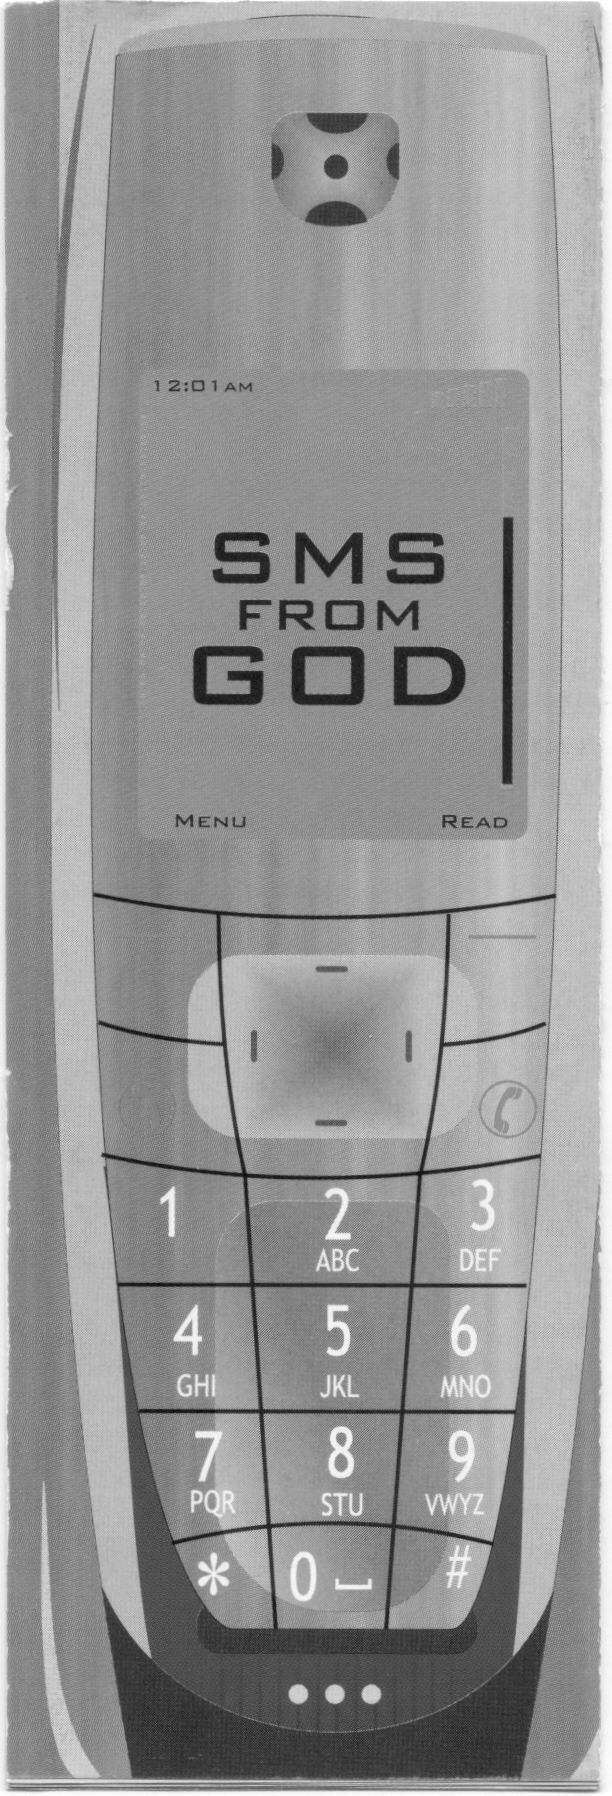 Spurensuche für Jugendlich - SMS from god
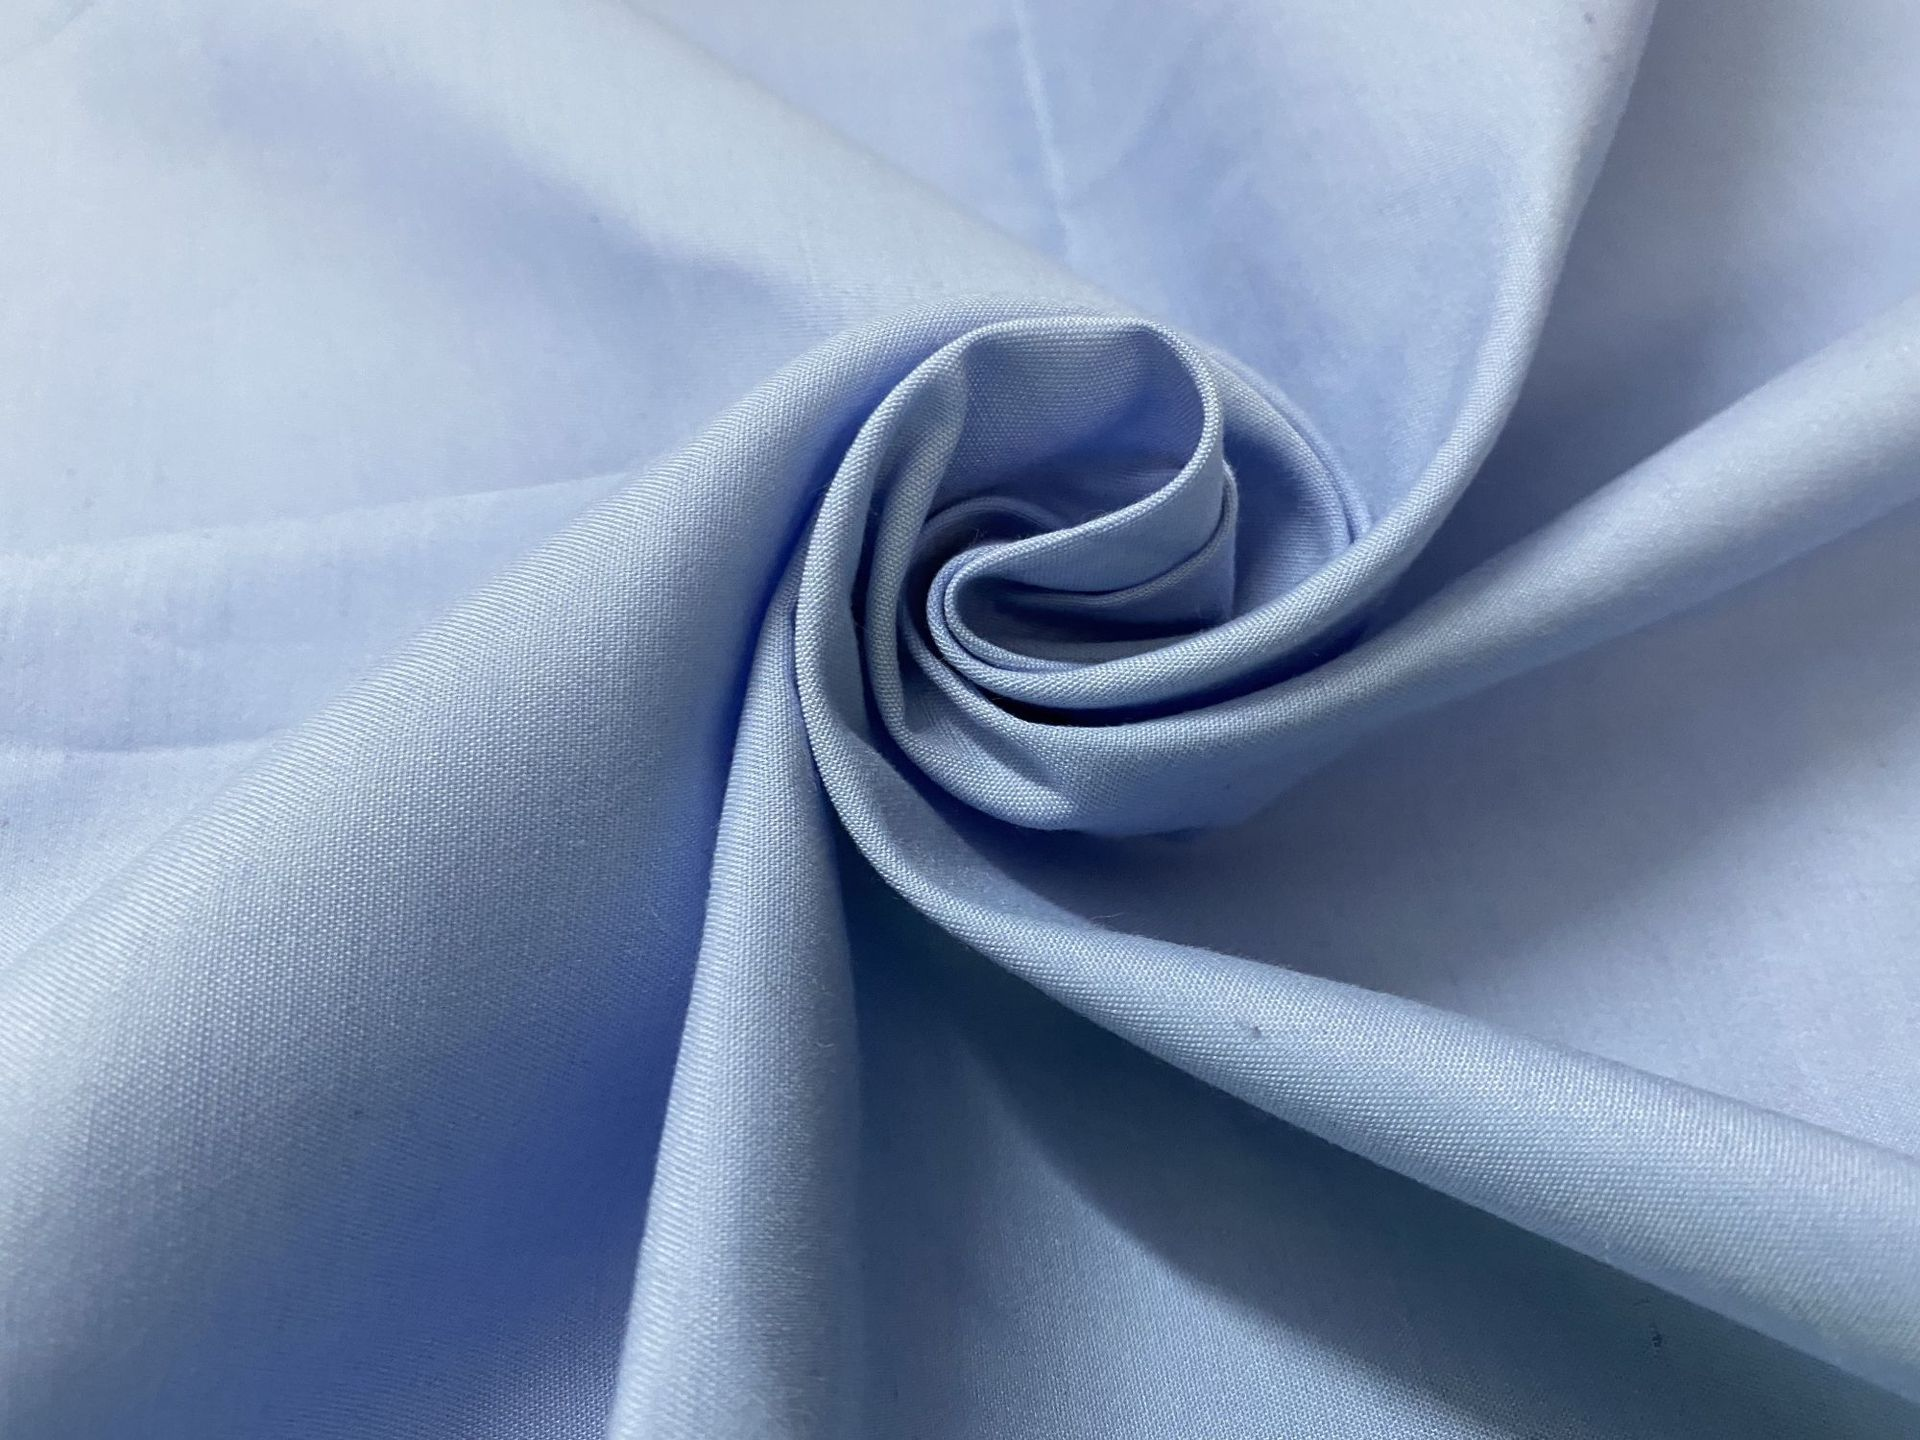 梳理棉织物清洁和维护技能
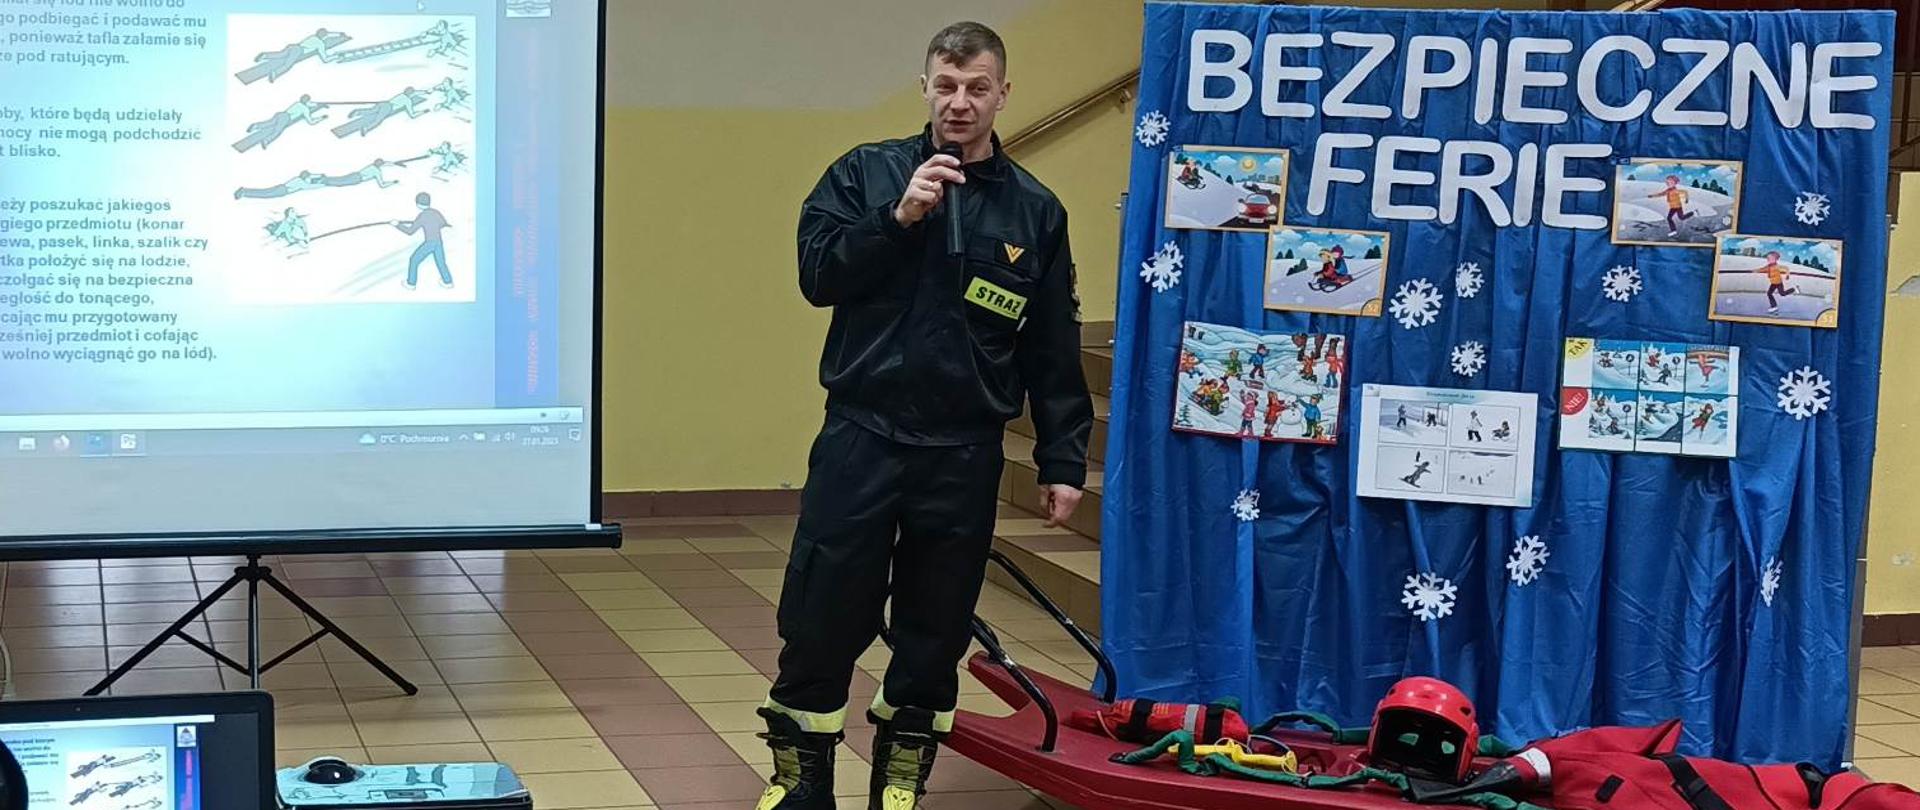 Dwóch strażaków w ramach akcji Bezpieczne Ferie na rzutniku przedstawia dzieciom, prezentację i sprzęt wykorzystywany podczas działań na lodzie.
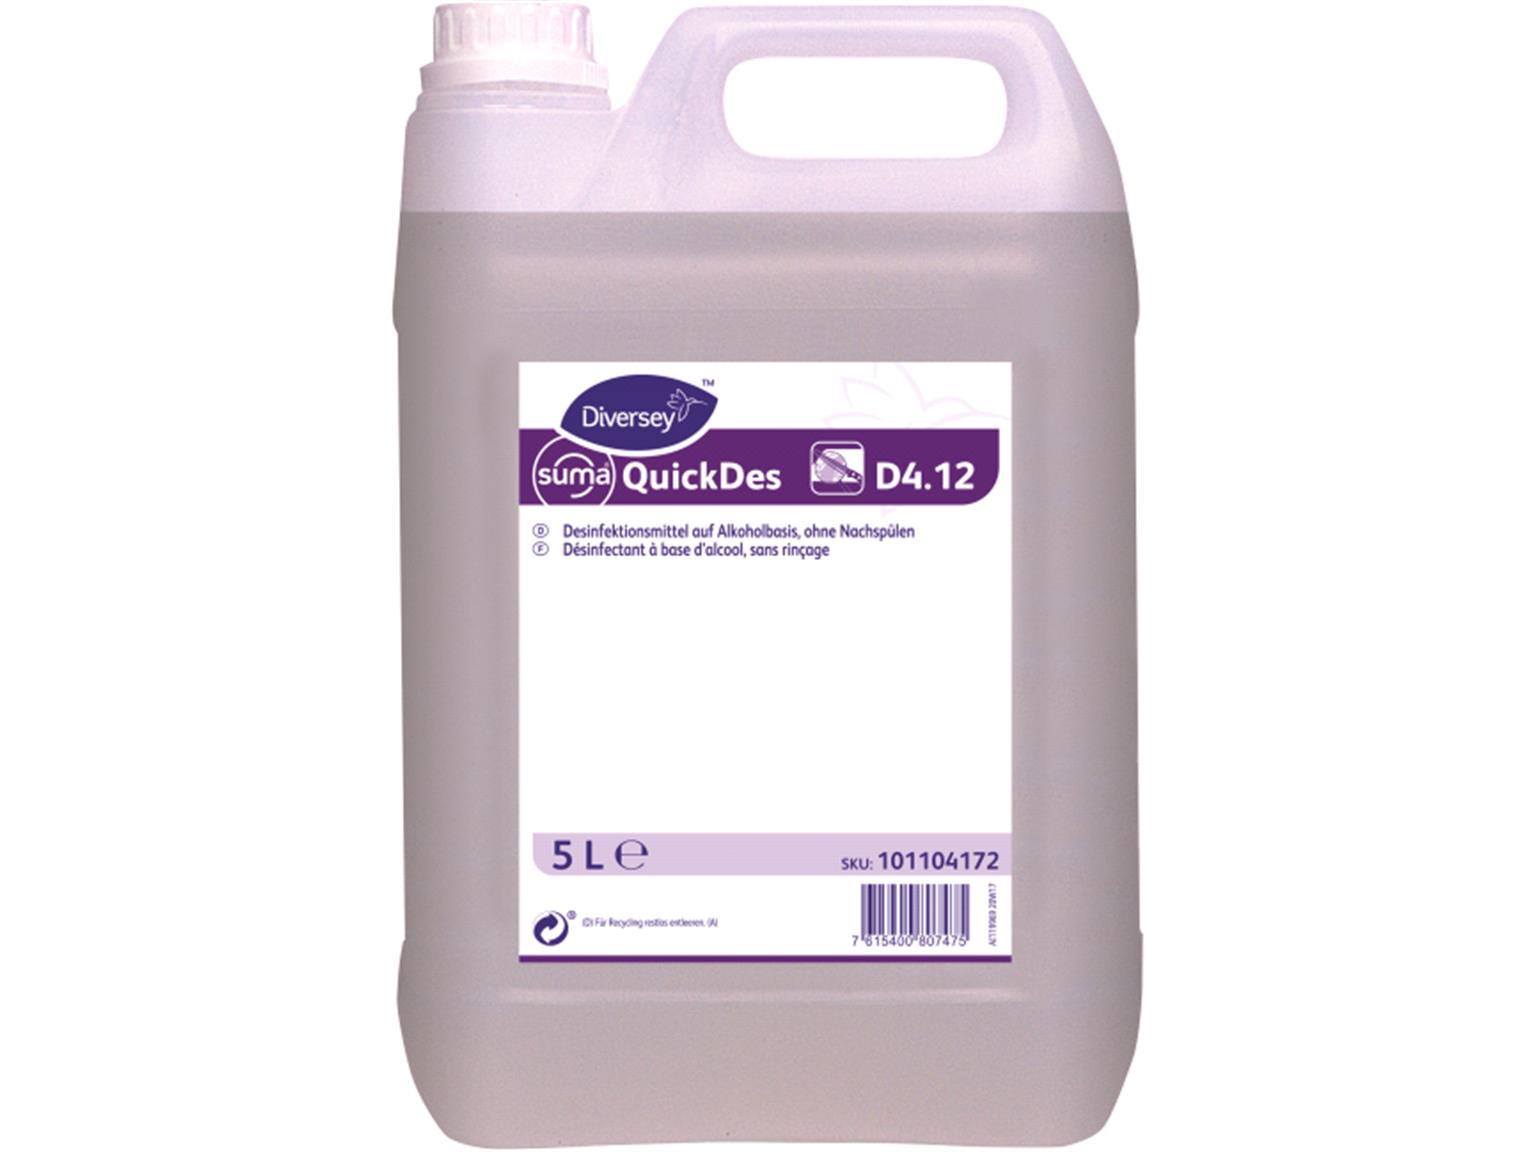 Suma QuickDes D4.12, Desinfektionsmittel auf Alkoholbasis, ohne Nachspülen

= = = = =

> _Exercise aim_: Everything in the listing above must be retyped exactly, except for the pictures.

> _Answer to this task_:
 Spurensuche für Jugendlich - SMS from god
 梳理棉织物清洁和维护技能
 Dwóch strażaków w ramach akcji Bezpieczne Ferie na rzutniku przedstawia dzieciom, prezentację i sprzęt wykorzystywany podczas działań na lodzie.
 Suma QuickDes D4.12, Desinfektionsmittel auf Alkoholbasis, ohne Nachspülen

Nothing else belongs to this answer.